***** Given data
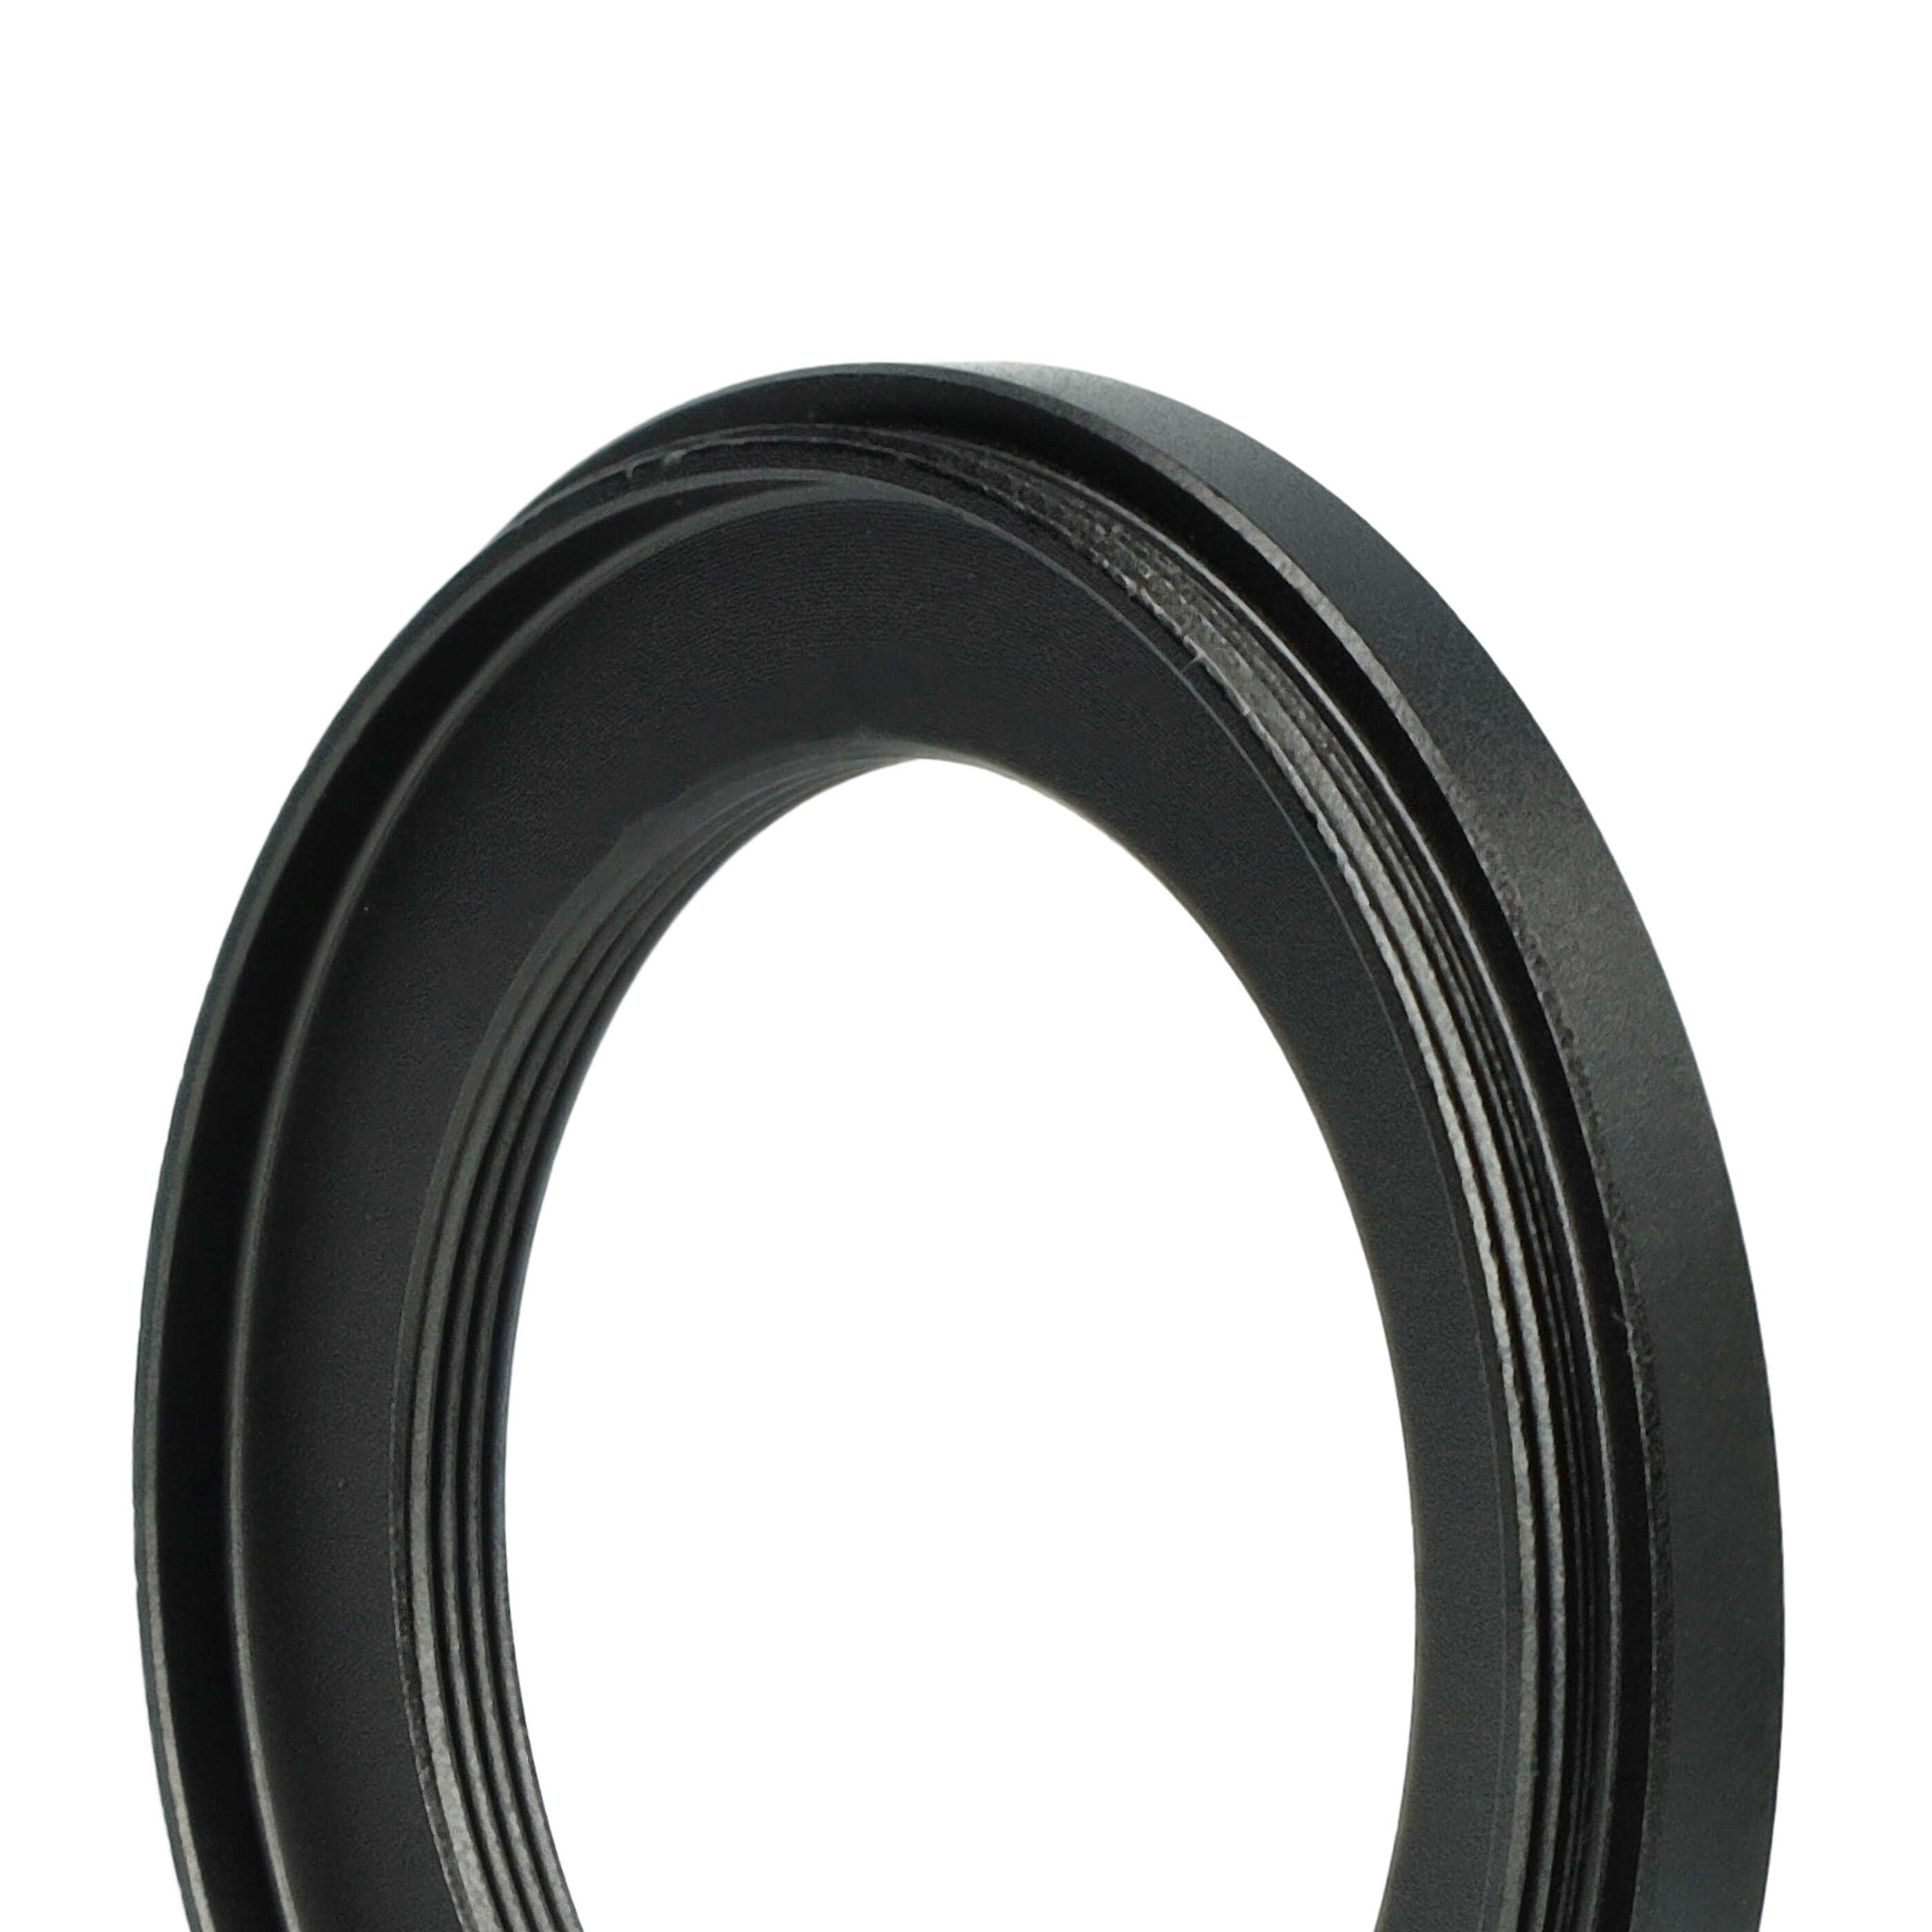 Step-Down-Ring Adapter von 52 mm auf 37 mm passend für Kamera Objektiv - Filteradapter, Metall, schwarz
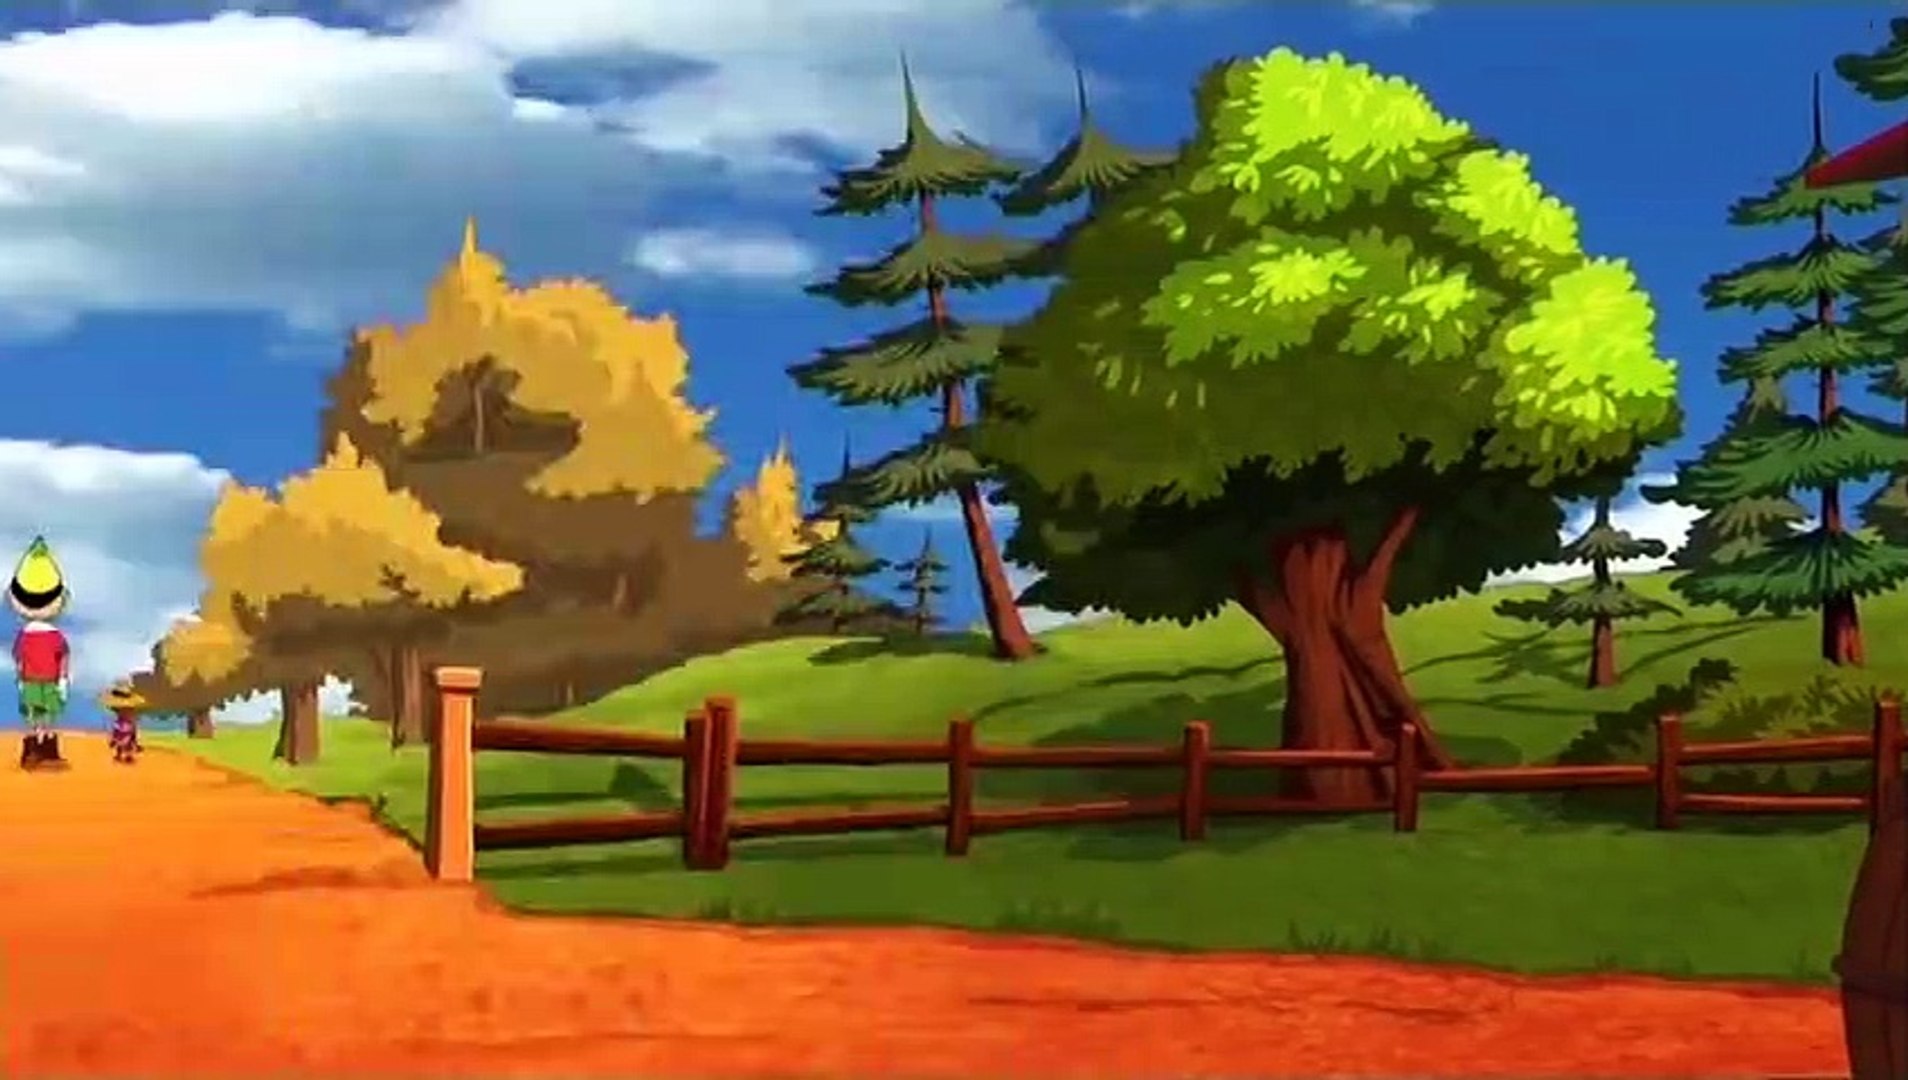 Pinocchio - Simsala Grimm HD | Dessin animé des contes de Grimm -  Dailymotion Video
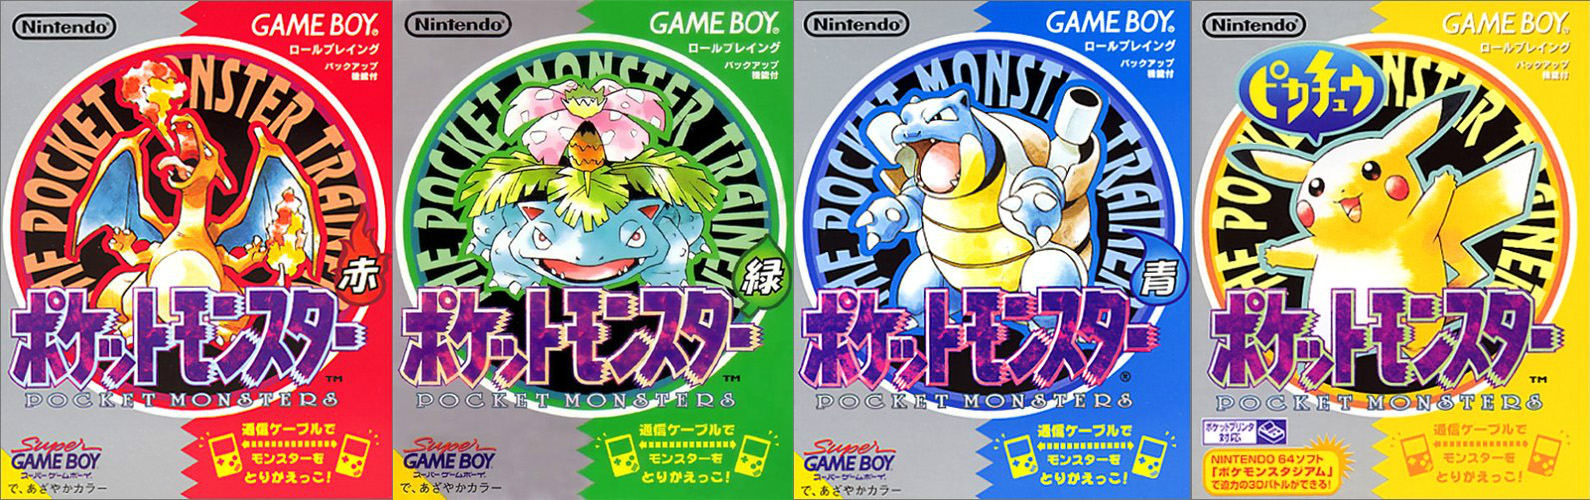 Jaquettes japonaises des jeux Pokémon 1G
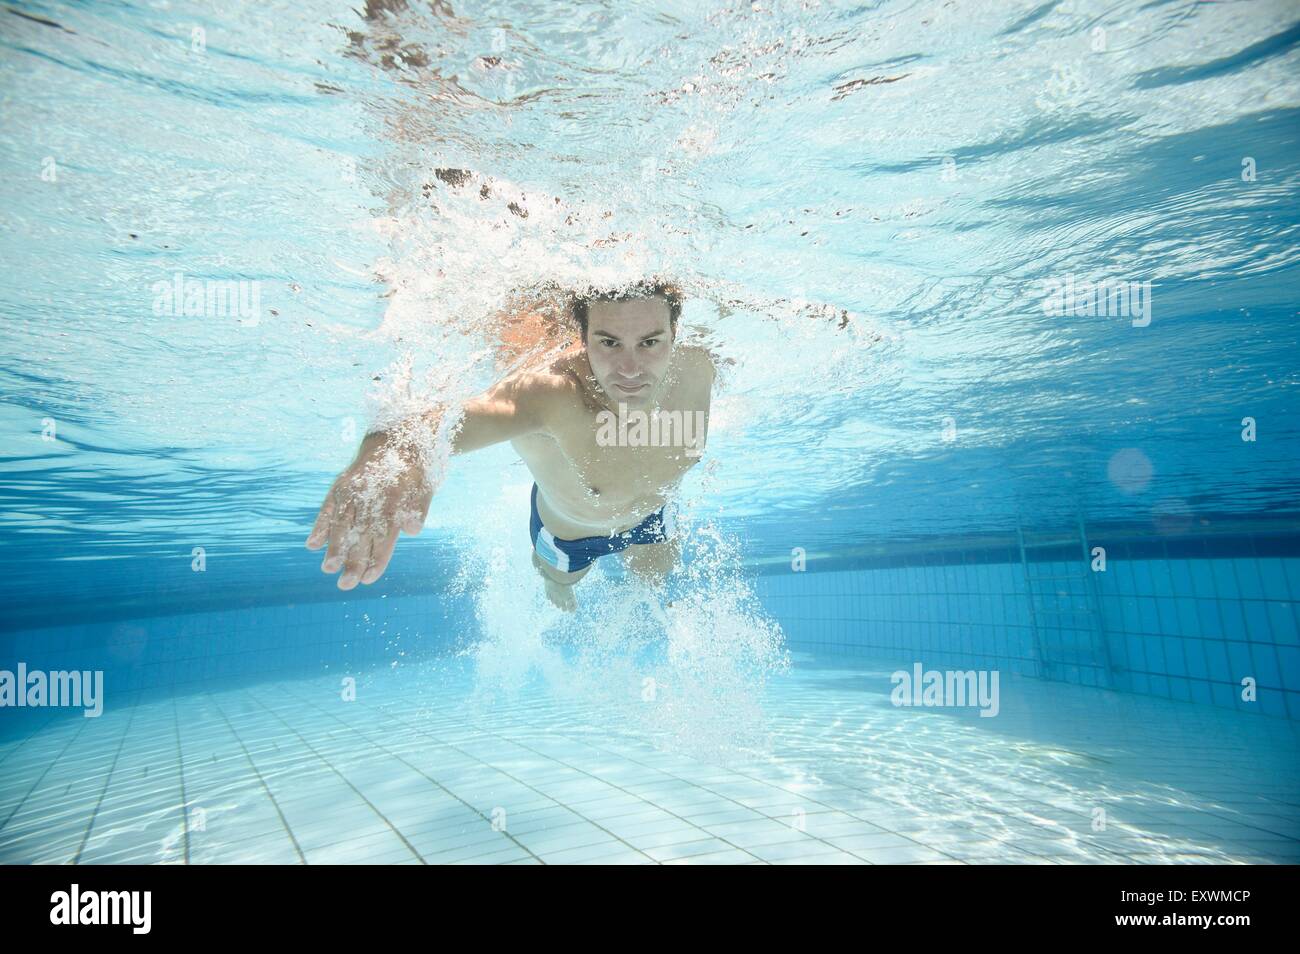 L'homme nage sous l'eau dans une baignoire en plein air Banque D'Images
**********
Task to complete:
From the line that contains "Jaquettes japonaises des jeux Pokémon 1G" through the last line of the listing, copy each line exactly; both end lines stay in, and pictures stay out.

Completed exercise:
 Jaquettes japonaises des jeux Pokémon 1G
 L'homme nage sous l'eau dans une baignoire en plein air Banque D'Images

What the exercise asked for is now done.